Pela segunda vez, assisto “Tropa de Elite 2”. Não resisto, escrevo novamente. Não esquecer: o filme foi feito entre 2007 e 2009, todo cabralzinho.

Helio Fernandes

Como arte e técnica, “Tropa de Elite 1” é melhor. Mas como denúncia, libelo, inclusive acusação frontal ao governador Sergio Cabral, “Tropa de Elite 2” é insuperável. Foi produzido no estilo de um clássico do diretor Alberto Latuada (“Processo Contra a Cidade”, em italiano, ou “A Cidade se Defende”, no título em português). Um filme de 56, se não me engano, acusação arrasadora contra a Camorra de Nápoles. Envolvimento policial e judicial.

“Tropa de Elite 2” segue o mesmo caminho e o mesmo destino. Acusa totalmente o governador Sergio Cabral de estar no centro da corrupção, inclusive policial, através das nomeações para a Secretaria e órgãos de segurança. O ator André Mattos tem  um desempenho fantástico como o deputado e apresentador de televisão corrupto, que promove o banditismo, fingindo defender a Polícia e a sociedade.

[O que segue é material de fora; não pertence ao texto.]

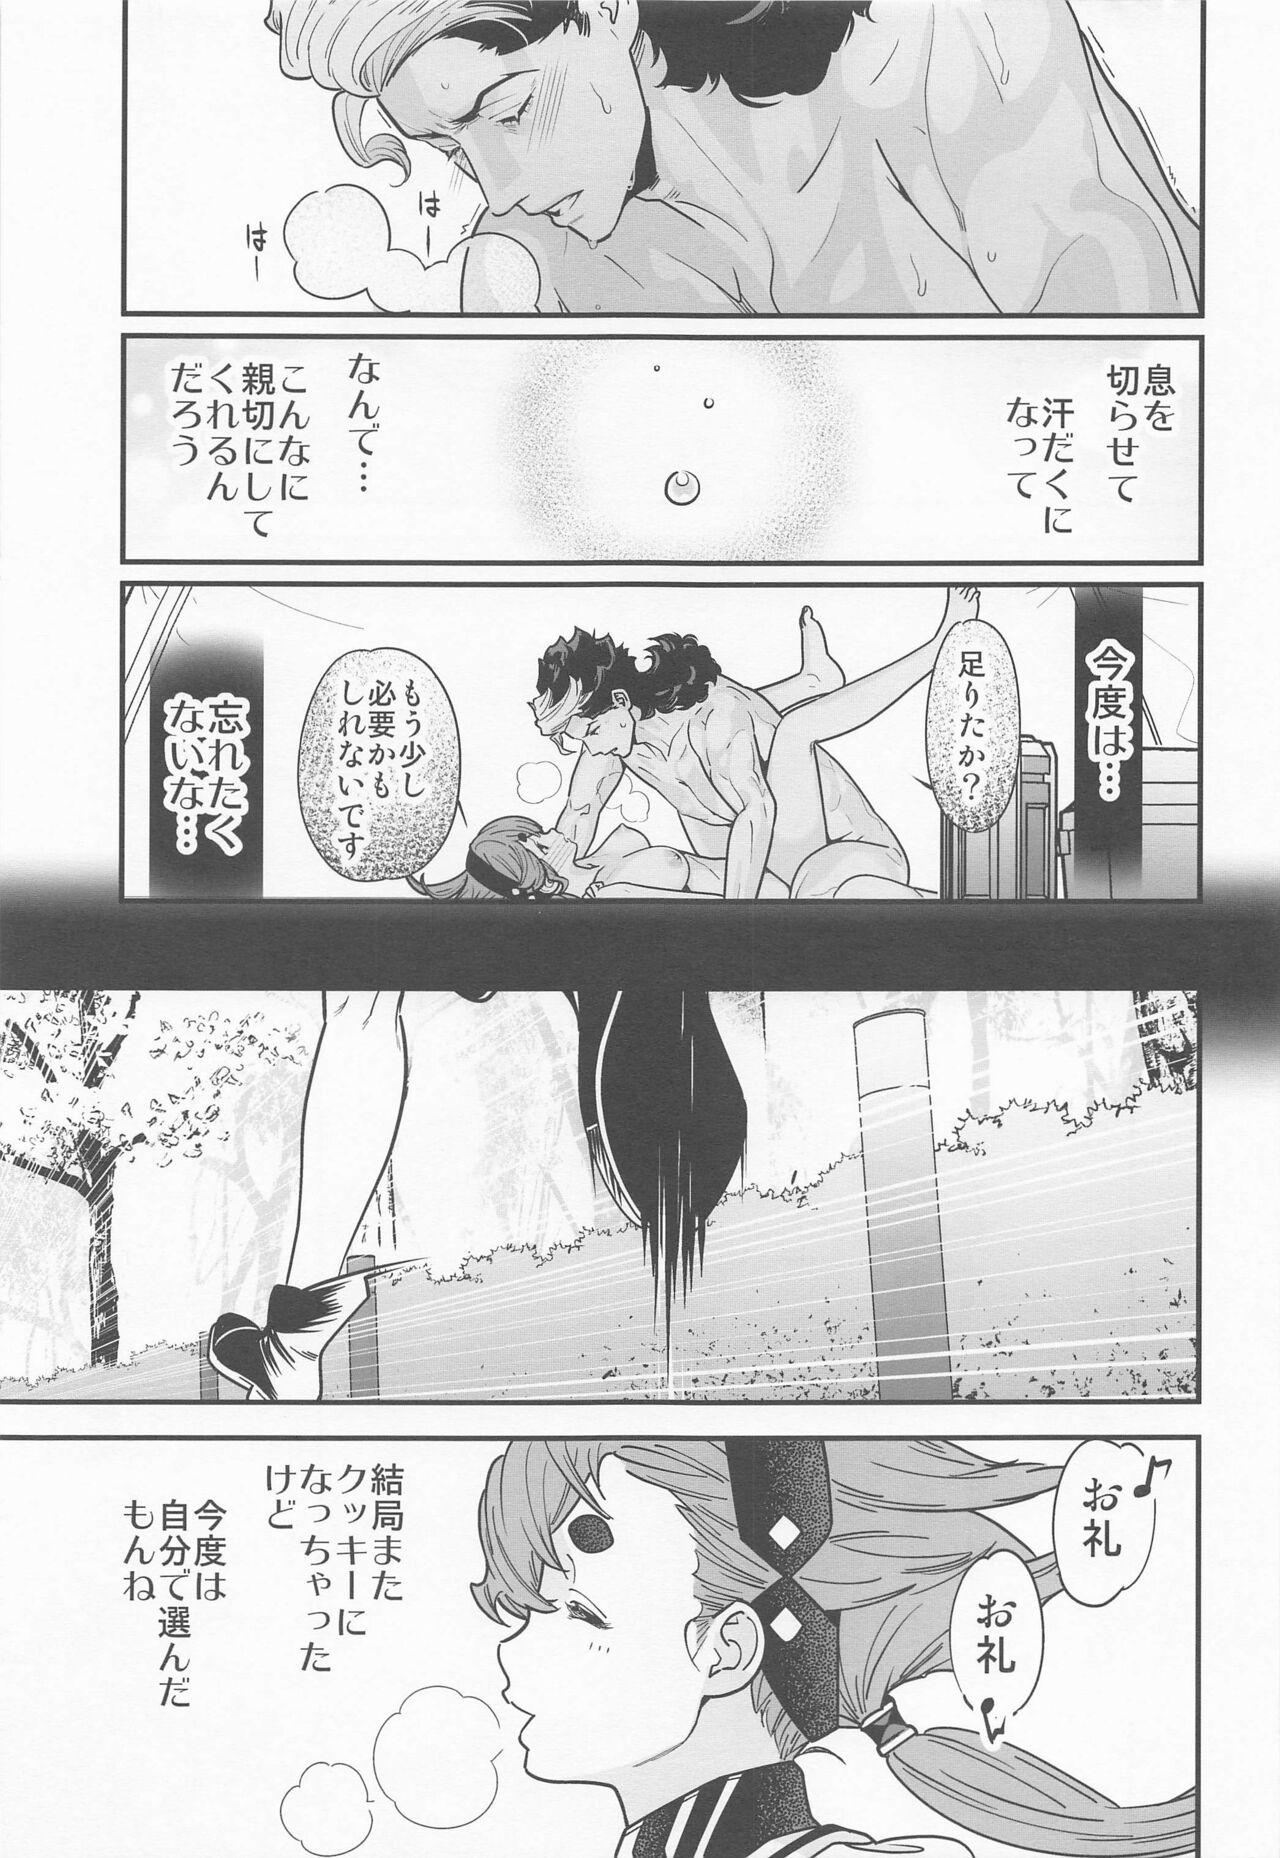 Pawg Shittemasu! Oyakusoku tte Kurikaesun desu yo ne! - Mobile suit gundam the witch from mercury 3way - Page 24

Em entrevista à Folha de São Paulo, André Mattos afirma que se inspirou totalmente num deputado. Admirável a atuação. Se o filme tivesse estreado antes do primeiro turno, cairia a margem de vitória de Cabral sobre Gabeira. As seqüências em que se verificam as acusações ao governador, são aplaudidas intensamente durante as sessões.

Roubos, assassinatos, corrupção, principalmente oficial. Tudo junto. Fraga, deputado honesto, que denuncia as milícias (é Marcelo Freixo, reeleito com mais de 100mil votos), que não esconde ninguém).

O filme é todo voltado para a acusação a cabralzinho, é sempre “senhor governador, o senhor não vê coisa alguma?”. E como foi feito da posse até quase o final de cabralzinho, não consigo entender: por que o governador não processa José Padilha? Só há uma constatação: medo da repercussão.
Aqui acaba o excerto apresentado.